Creative director Lars Gustavsson said that DICE shipped Battlefield 3 with “probably the worst setups ever” and that Battlefield 4 won’t make the same mistake.
DICE has spoken about the unlock system in Battlefield 3, saying that it was difficult for new players to compete online.
“We shipped Battlefield 3, which we should be slapped for, with probably the worst setups ever,” said DICE creative director Lars Gustavsson in an interview with VG247.
Battlefield 3 required players to achieve kills to unlock both weapons and the customisations for them, such as red dot sights and silencers. The same unlock system also applied to the game’s vehicles, with Gustavsson saying that this made planes in particular especially challenging for new players.
“As a pilot, you had to fly your plane and only kill other planes with your cannons,” he said. “You didn’t have any countermeasures; you didn’t have any missiles. And that’s basically for the best of the best pilots; that’s what they should do to show their skills.”
Beginners, he added, “should have countermeasures, you should have heat-seeking missiles to give you a smooth ride into the game and then from there on you should customize.”

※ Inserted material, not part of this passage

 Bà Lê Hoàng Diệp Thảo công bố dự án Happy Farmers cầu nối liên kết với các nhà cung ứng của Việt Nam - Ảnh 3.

Elsewhere in the interview, Gustavsson said the team at DICE have worked on latency and the game’s UI to also streamline Battlefield 4 for beginner players.
“With Battlefield 4 we’ve done numerous things,” he said. “We heard this feedback once again from Battlefield 3. We did a lot of tests; some of them were simple stuff just directly correlating to input latency and stuff like that. People were behind an enemy; they thought they had a perfect kill, but with latency and everything it turned out that they missed, and they wondered why.”

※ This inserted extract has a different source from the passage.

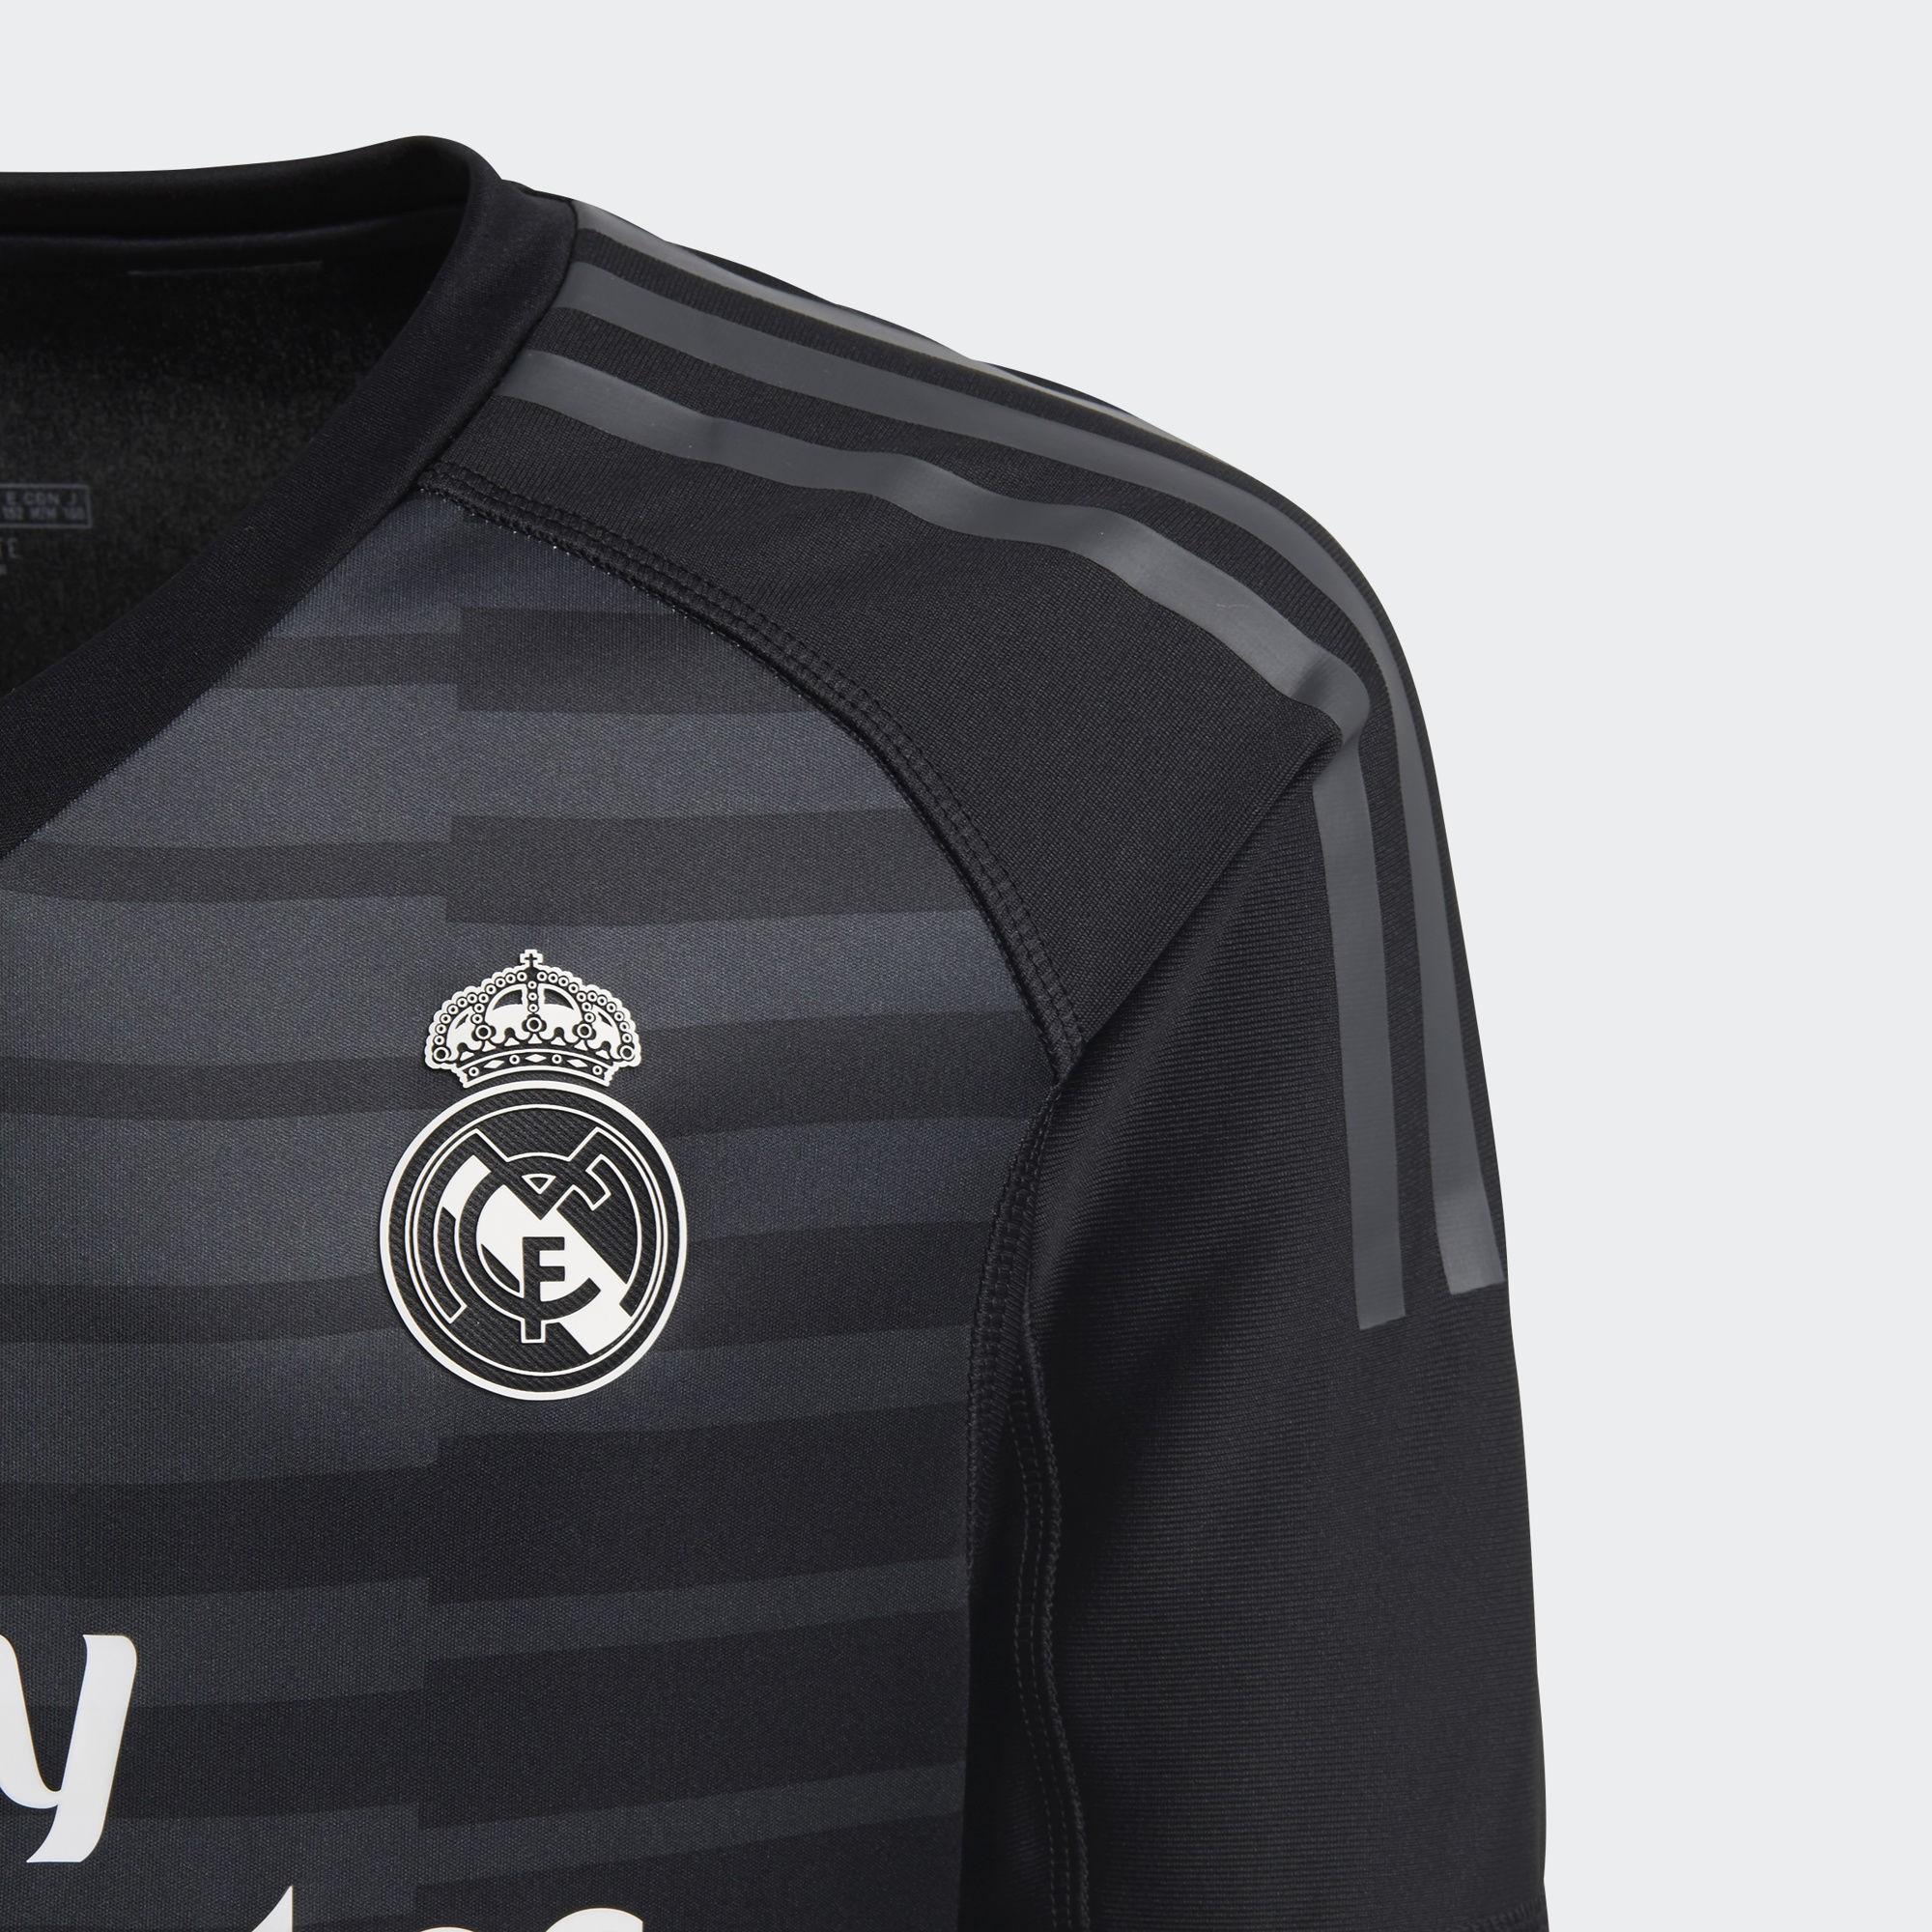 Camiseta Fútbol Adidas Real Madrid 2018 9 Portero Negra Niño - Deportes Moya a79bf74102498

“So we’ve worked with latency,” he continued. “We’ve added a test range where you can learn to fly the transport helicopter, not crash it into your friends. We’ve reworked menus to give you a much better understanding of how you customize–comparisons when you add attachments that give you a better understanding, just like racing games.”
“We have reworked the spawn menu, just the concept of spawning in; in most games you just end up somewhere random, but here we have a choice. We have to try to show that in a much more visual way. So we’ve done rigorous testing on that one. Game mode movies and so on.”
“We’ve definitely done a lot to smooth the learning curve,” he concluded.
Battlefield 4 will be released on October 29 for the Xbox 360, PlayStation 3, and PC. Xbox One and PlayStation 4 versions will follow at launch.